BEGIN EXERCISE MATERIALS
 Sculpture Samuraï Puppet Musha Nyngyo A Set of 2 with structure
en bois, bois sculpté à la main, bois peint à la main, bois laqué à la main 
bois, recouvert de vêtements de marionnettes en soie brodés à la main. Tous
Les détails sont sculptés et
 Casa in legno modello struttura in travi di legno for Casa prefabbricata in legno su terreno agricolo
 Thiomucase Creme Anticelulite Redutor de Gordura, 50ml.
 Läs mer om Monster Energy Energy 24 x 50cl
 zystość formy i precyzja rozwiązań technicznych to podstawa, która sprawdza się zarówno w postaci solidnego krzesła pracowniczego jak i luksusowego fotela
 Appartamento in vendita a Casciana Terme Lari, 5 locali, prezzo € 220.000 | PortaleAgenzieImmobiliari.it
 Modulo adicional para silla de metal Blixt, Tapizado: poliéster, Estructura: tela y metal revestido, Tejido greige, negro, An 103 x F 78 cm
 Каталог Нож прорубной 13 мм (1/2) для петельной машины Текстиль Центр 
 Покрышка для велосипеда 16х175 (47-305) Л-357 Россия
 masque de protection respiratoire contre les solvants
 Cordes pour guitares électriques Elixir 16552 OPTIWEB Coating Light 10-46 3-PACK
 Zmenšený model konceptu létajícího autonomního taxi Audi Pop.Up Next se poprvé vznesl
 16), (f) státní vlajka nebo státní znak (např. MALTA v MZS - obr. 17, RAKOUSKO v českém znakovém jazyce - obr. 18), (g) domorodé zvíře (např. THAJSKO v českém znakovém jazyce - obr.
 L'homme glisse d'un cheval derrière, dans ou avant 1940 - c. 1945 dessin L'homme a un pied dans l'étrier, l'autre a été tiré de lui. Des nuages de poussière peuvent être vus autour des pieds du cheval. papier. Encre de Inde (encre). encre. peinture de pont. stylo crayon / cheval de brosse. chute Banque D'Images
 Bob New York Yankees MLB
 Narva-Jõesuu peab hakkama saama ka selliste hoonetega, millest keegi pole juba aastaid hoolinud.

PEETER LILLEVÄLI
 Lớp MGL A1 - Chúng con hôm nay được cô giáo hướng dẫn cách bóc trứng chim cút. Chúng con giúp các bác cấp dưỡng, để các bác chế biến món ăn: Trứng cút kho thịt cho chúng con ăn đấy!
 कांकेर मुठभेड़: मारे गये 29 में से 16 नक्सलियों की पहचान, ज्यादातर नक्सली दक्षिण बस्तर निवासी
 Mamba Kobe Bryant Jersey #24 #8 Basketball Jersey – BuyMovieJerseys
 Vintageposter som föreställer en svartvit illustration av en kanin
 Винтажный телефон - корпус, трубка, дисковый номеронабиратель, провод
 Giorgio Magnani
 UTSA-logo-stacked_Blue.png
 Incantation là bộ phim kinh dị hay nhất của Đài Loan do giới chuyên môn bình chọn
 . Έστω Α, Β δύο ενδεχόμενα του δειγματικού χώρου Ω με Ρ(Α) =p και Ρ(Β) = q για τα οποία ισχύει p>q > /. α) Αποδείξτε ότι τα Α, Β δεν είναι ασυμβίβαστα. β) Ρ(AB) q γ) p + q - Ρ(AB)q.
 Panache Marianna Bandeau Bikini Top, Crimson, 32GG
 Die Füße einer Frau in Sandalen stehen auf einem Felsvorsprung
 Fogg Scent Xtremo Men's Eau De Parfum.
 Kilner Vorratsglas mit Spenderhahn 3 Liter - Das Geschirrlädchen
END EXERCISE MATERIALS
PROBLEM TO SOLVE - Please retype the records above starting with the line that contains "Incantation là bộ" and stopping after the last line, changing nothing.

RESPONSE AREA -
 Incantation là bộ phim kinh dị hay nhất của Đài Loan do giới chuyên môn bình chọn
 . Έστω Α, Β δύο ενδεχόμενα του δειγματικού χώρου Ω με Ρ(Α) =p και Ρ(Β) = q για τα οποία ισχύει p>q > /. α) Αποδείξτε ότι τα Α, Β δεν είναι ασυμβίβαστα. β) Ρ(AB) q γ) p + q - Ρ(AB)q.
 Panache Marianna Bandeau Bikini Top, Crimson, 32GG
 Die Füße einer Frau in Sandalen stehen auf einem Felsvorsprung
 Fogg Scent Xtremo Men's Eau De Parfum.
 Kilner Vorratsglas mit Spenderhahn 3 Liter - Das Geschirrlädchen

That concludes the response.